Sickle-cell trait is caused by a single defective allele, but sickle-cell disease only occurs in individuals that are homozygous for the sickle-cell allele. Two people carry the trait but do not have sickle-cell disease. What is the probability that they will have two children with sickle-cell disease?

6,25%

Explanation:

Considering that the couple has a trait of sickle cell anemia, we know that both are heterozygous for the disease (Aa) and therefore can have children with the following genotypes:

Parents: Aa X Aa

Children: AA (A x A), Aa (A x a), Aa (a x A) and aa (a x a)

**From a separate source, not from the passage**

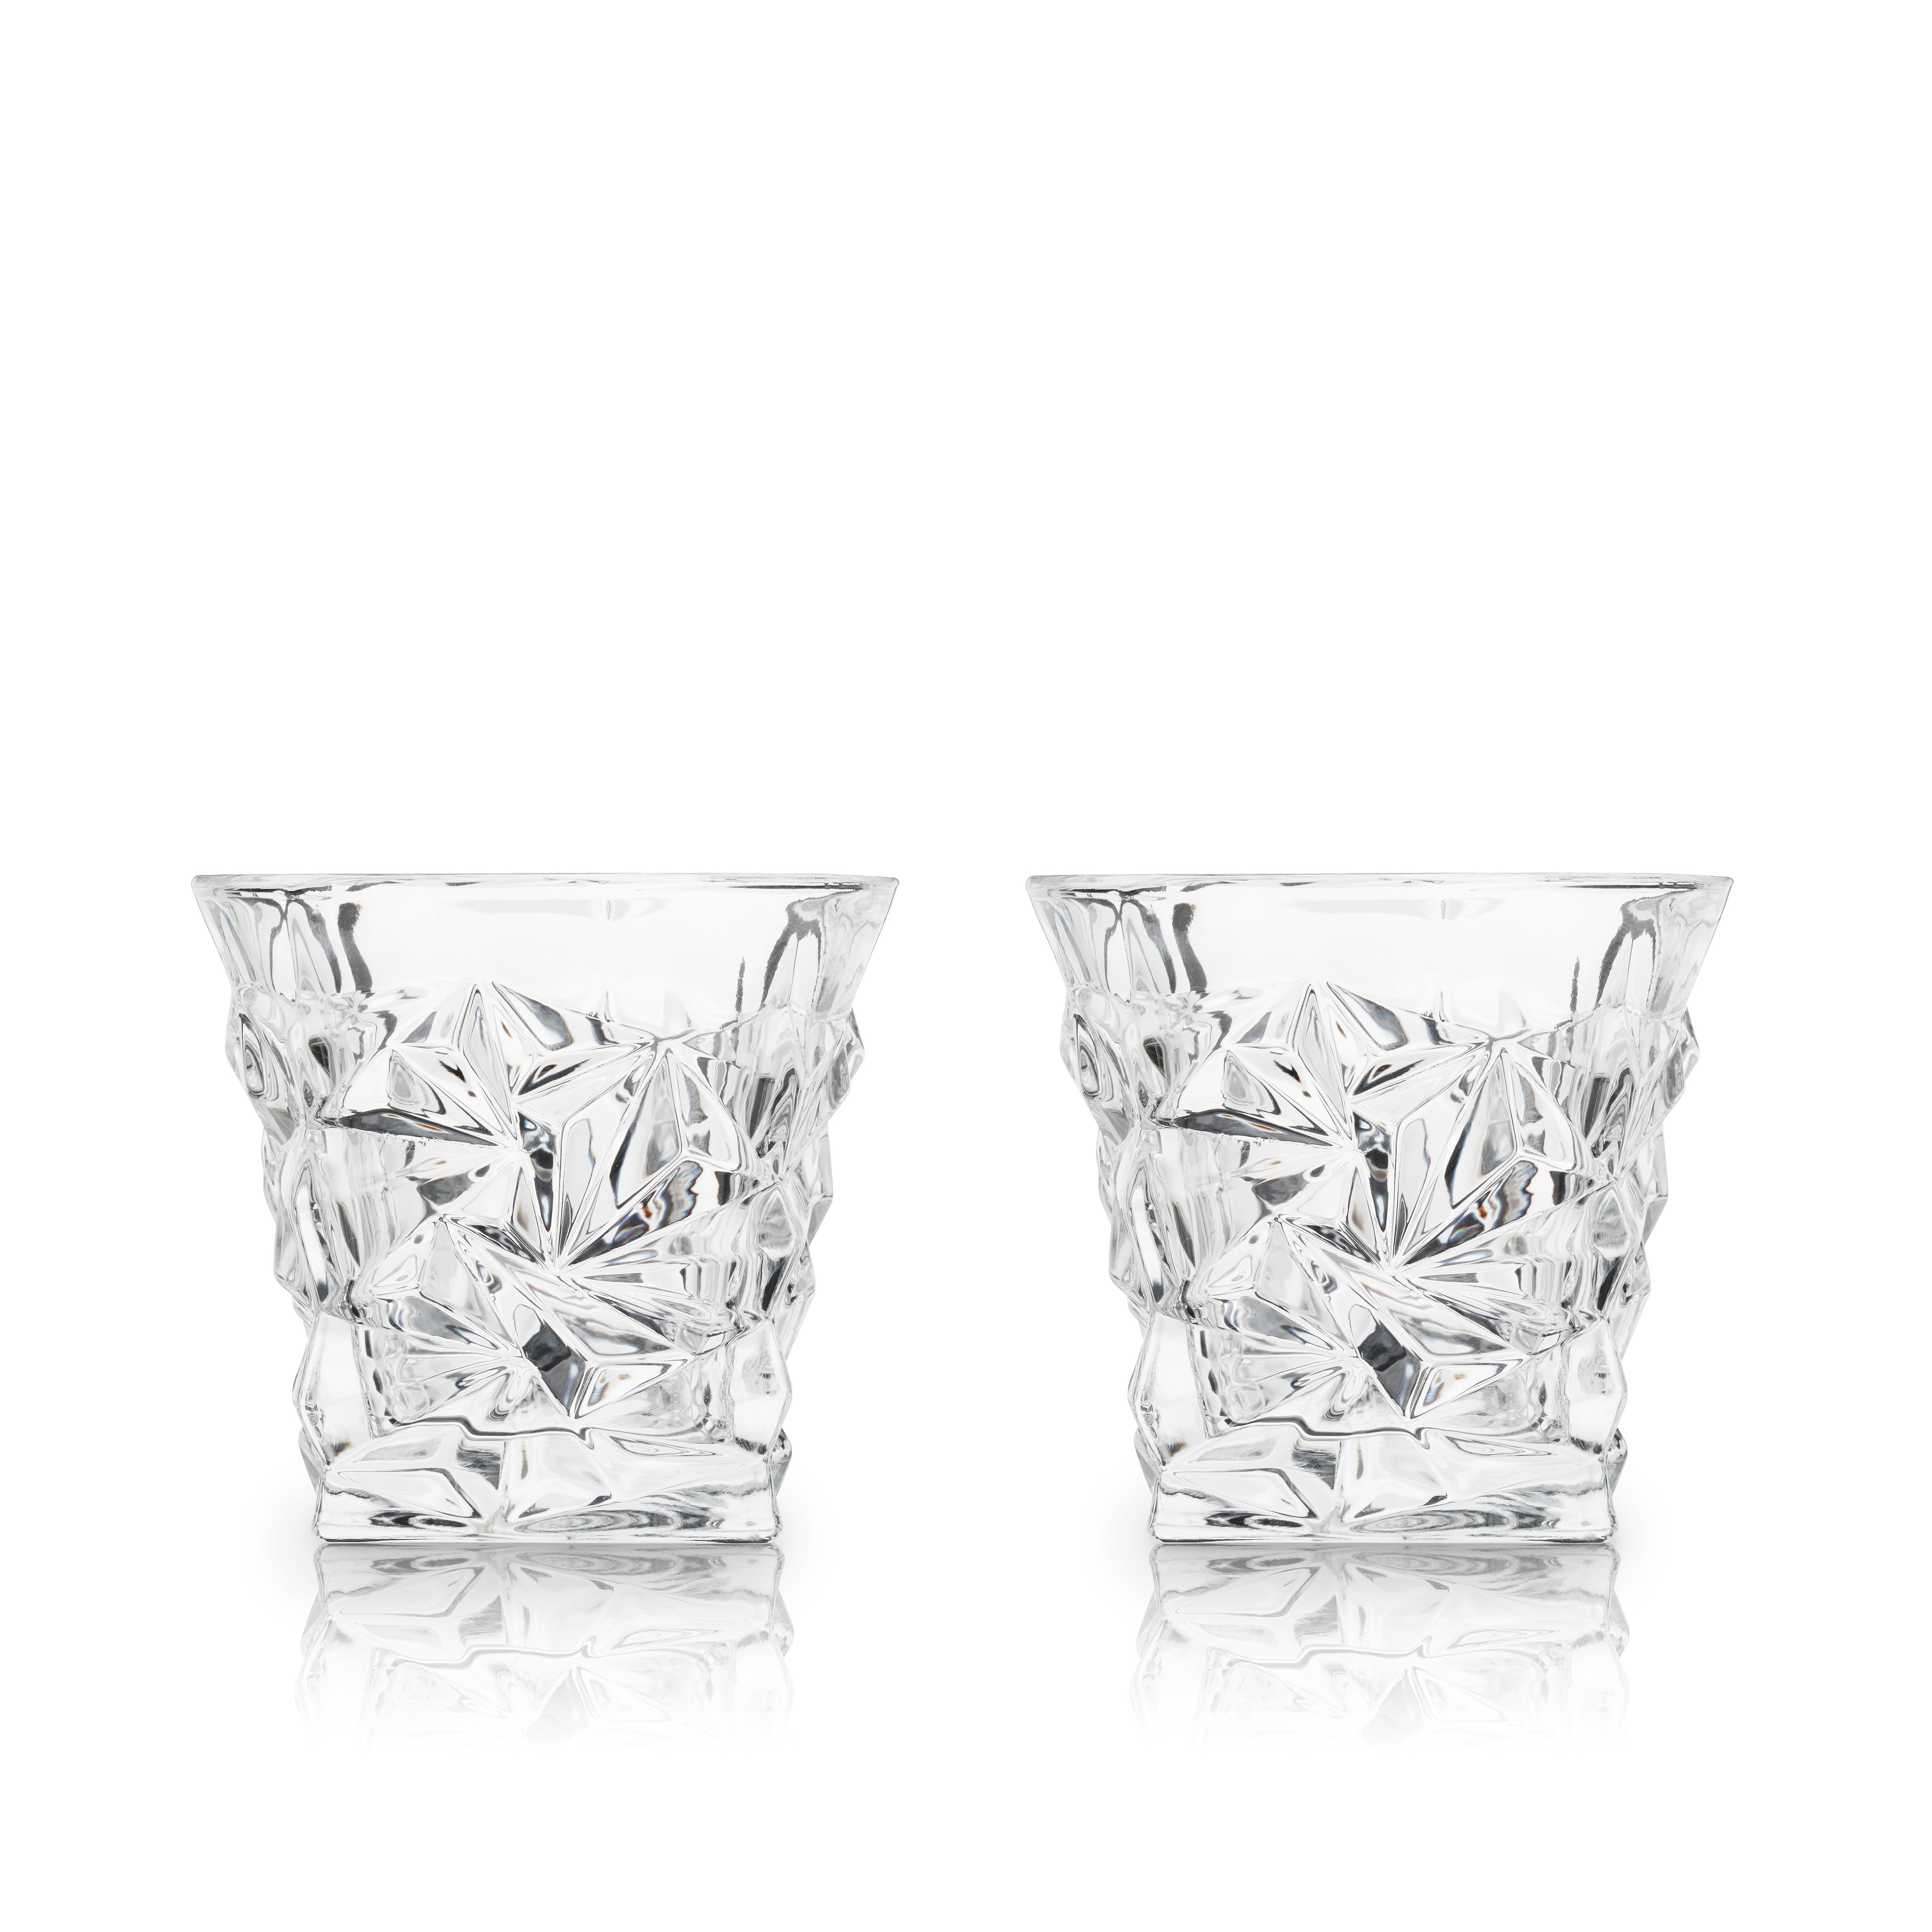 Viski Whiskey Glasses with Heavy Footed Base - Crystal Tumblers for Scotch,  Bourbon, Cocktails - 18.5 Oz, Set of 2, Clear

Knowing that sickle cell anemia only occurs in homozygous individuals, the probability for children to have the disease according to each crossing is:

A x A = 1/4 = 25%

A x a = 1/4 = 25%

a x A = 1/4 = 25%

a x a = 1/4 = 25%

The probability of forming each homozygous child (aa) is 1/4 or 25%. Since they are two children, the probability of both having sickle cell anemia is calculated by multiplying the probability of each, so:

1/4 * 1/4 = 1/16 = 0.0625 = 6.25%

It is concluded that the probability of a heterozygous couple for sickle cell anemia to have two children with the disease is 6.25%.